To complicate matters, consider that while the count is in progress, partitions are constantly being created and updated -- this is big data after all and you're using Cassandra because you have a scale problem. Even if you were lucky enough to get a result, is that count valid? You might as well be counting stars. Because by the time you've counted half the stars in the night sky given enough time, chances are your count is obsolete because the universe is not static -- new stars are born and old stars die all the time. Similarly, your table is not static -- new partitions are created, existing partitions are updated and even some are deleted.
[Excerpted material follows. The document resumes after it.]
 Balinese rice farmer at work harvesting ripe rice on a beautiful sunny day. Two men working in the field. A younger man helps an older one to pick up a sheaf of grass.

"Can I use a counter?", you ask. Maybe. If your use case is such that you only write a partition once and never overwrite it again, ever. If your use case involves overwrites then you have no way of working out whether it is the first write or not so your counter becomes useless. You might come up with some sort of algorithm and store a count somehow but in all likelihood, your "counter" solution won't scale since it will probably involve (a) a read-before-write, (b) an additional write for every operation, or (c) both.

If you must

You might as well get an estimate from nodetool tablestats but that's exactly what you would get -- an estimate. This is because it suffers from the same problem. When Cassandra flushes the memtable to disk, it knows how many keys are in that SSTable and updates the table stats accordingly [1]. While we're here, be aware that deletes are also inserts under-the-hood, i.e. a tombstone is inserted into the table so it's counted in tablestats. It only gets decremented after the tombstones get compacted out after gc_grace_seconds.

Finally if you really must do a count, do it with DSE Analytics or DSE Search but those are for another blog post. I'll get around to it sometime after I finish counting stars, maybe...

[1] I've oversimplified what happens with the table stats updates to make it simple to digest for the intended audience. There are in fact algorithms used such as HyperLogLog which improves the accuracy of the aggregated values.


Update

2 years after I first published this blogpost, along came DataStax Bulk Loader (aka DSBulk). It is a tool for efficiently loading and unloading data from Apache Cassandra though that is not the extent of its abilities.

DSBulk has a nice feature for counting data in large tables in a distributed manner. It is the recommended tool for loading or unloading data in CSV or JSON format. It performs up to 4x faster than the cqlsh COPY command.

And yes, DataStax made it freely available to open-source Apache Cassandra users. For details, see Counting data in tables with DSBulk. Cheers!